New Insight Into Offering Precision Care

A key tenet of precision care relies on the ability to identify the specific patients for whom a given treatment will work best. Two studies took a closer look at existing therapies in an effort to meet this aim:

  • Investigators dug back into the Adenoma Prevention With Celecoxib tissue archives and identified two biomarkers—cyclooxygenase-2 (COX-2) and 15-prostaglandin dehydrogenase (15-PGDH)—that distinguish those individuals at high risk for colorectal adenomas who stand to derive the greatest benefit from celecoxib chemoprevention of colorectal cancer (Abstract 524).
  • A pooled analysis of the phase III REGARD and RAINBOW trials of second-line ramucirumab in patients with advanced gastric or gastroesophageal junction cancer revealed benefits with the antiangiogenic agent for OS, PFS, and global health status, along with comparable safety, across all age groups analyzed, supporting use of ramucirumab in the young (≤ 45 years), old (≥ 70 years), and all those in between (46 to 69 years; Abstract 3).
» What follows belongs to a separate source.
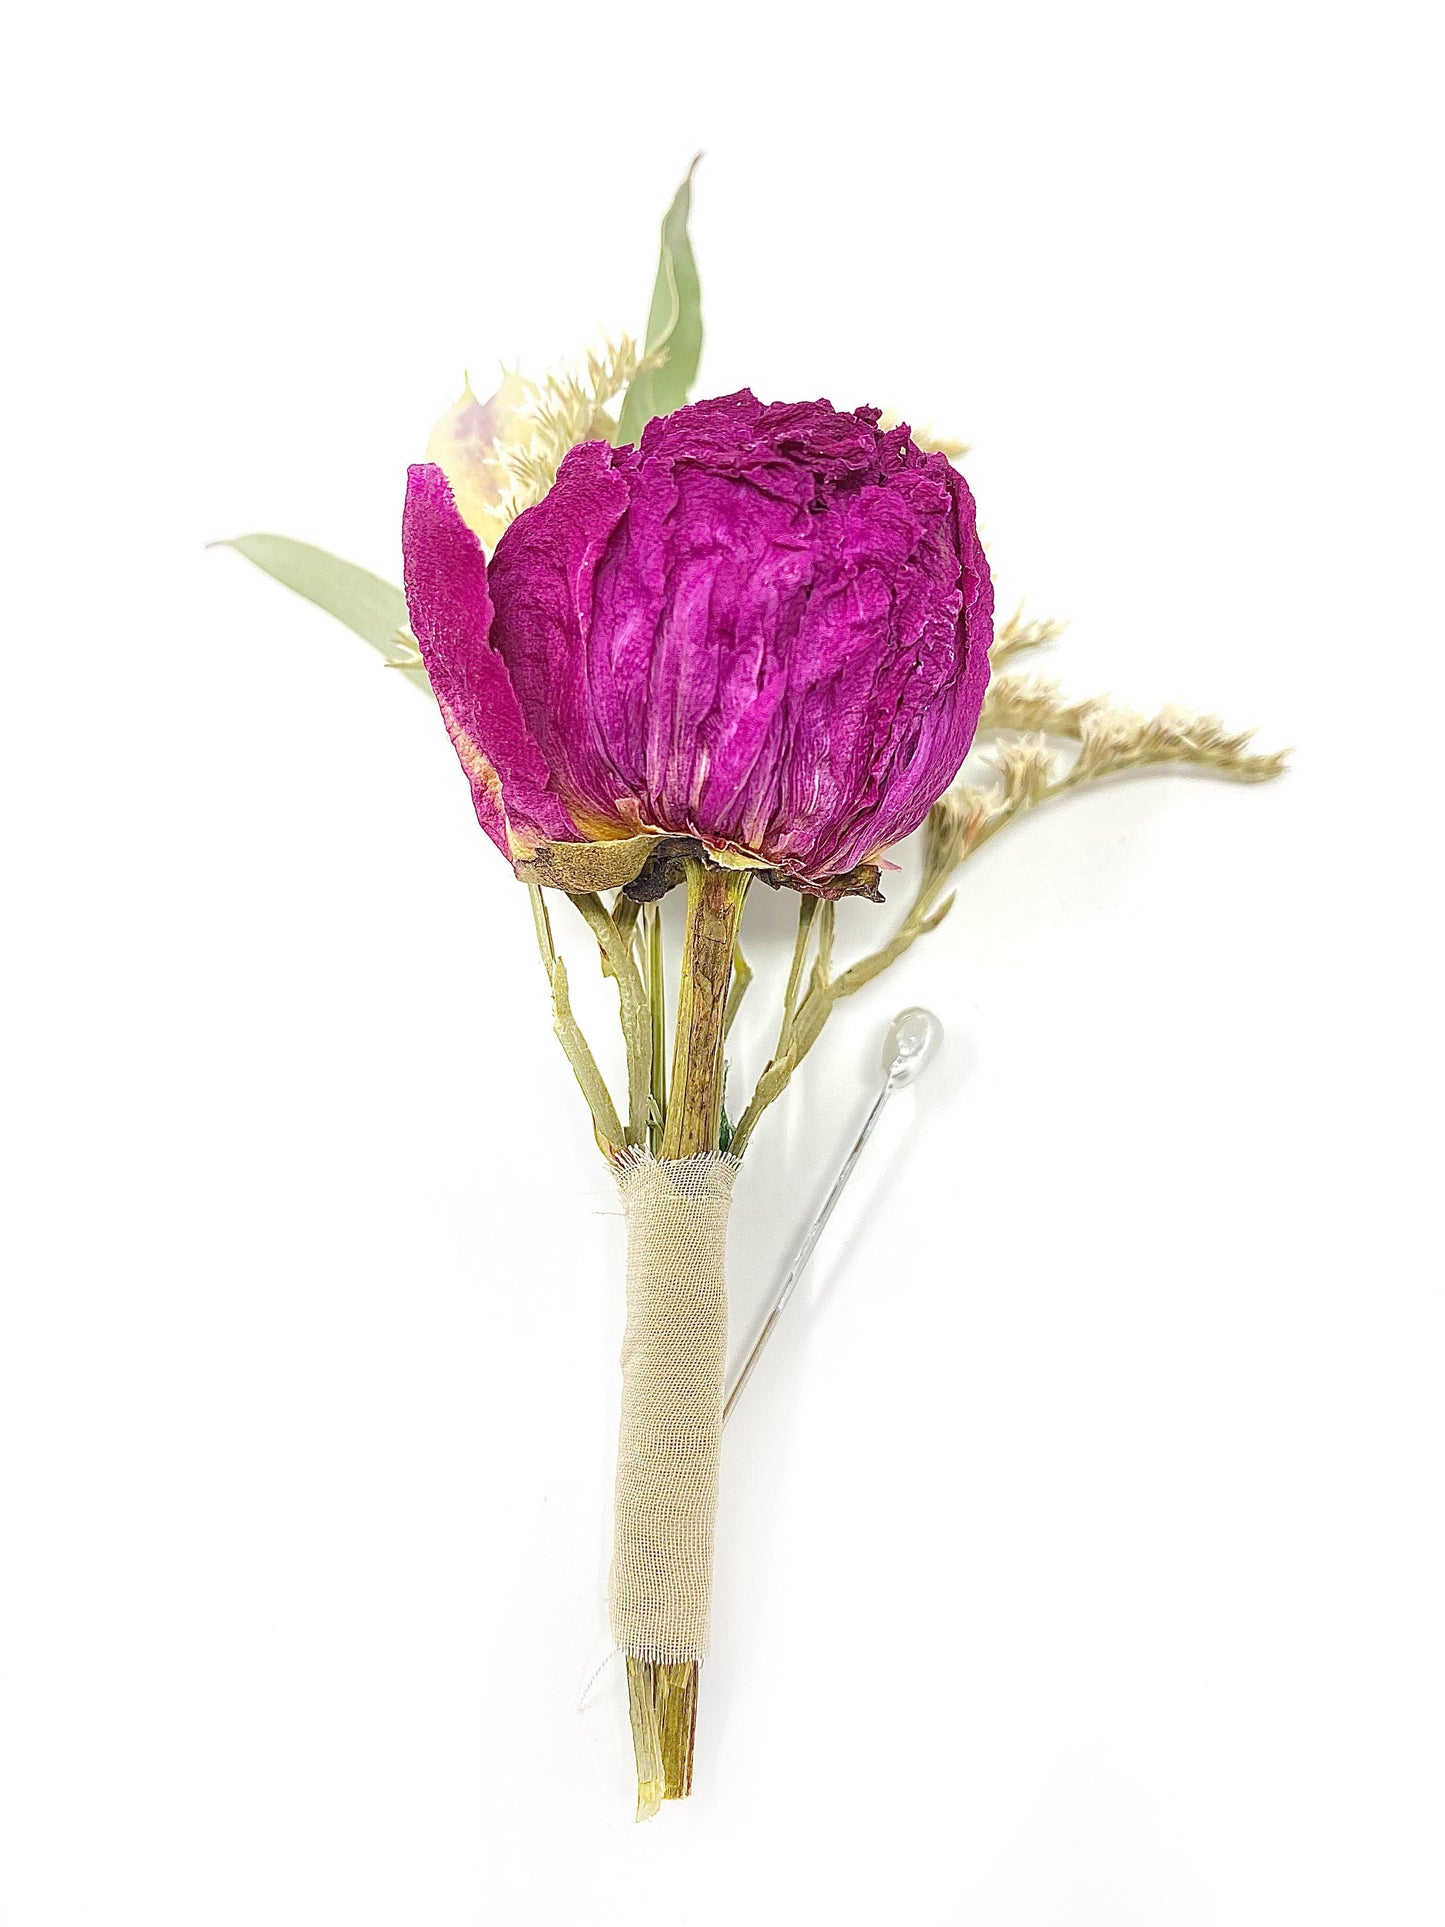 Wedding Boutonniere, Dried Flowers, Preserved Floral, Peony, Decor, Bridal Accessories, German Statice, Greenery, Purple and Green

Precision care also requires a solid understanding of the disease in question to identify appropriate therapies. To begin to tease apart the marked heterogeneity of colorectal cancer, recent efforts have focused on the “sidedness” of disease. New analyses are building on this work, both in metastatic and earlier-stage disease:

  • Multiplatform profiling of a large bank of right- and left-sided primary tumors reveals a continuum of molecular alterations when moving from the right colon—the cecum and ascending colon—to the left colon—the splenic flexure, descending colon, and sigmoid colon—and on to the rectum, suggesting that clinical trials should stratify patients based on the location of the primary tumor as well as molecular features (Abstract 522).
  • Results of a retrospective cohort analysis suggest that right-sided tumors may display worse outcomes compared with left-sided tumors in select patients with stage II disease based on two prognostic markers, the 12-gene Oncotype DX score and CDX2 tumor expression, both associated with disease recurrence (Abstract 523).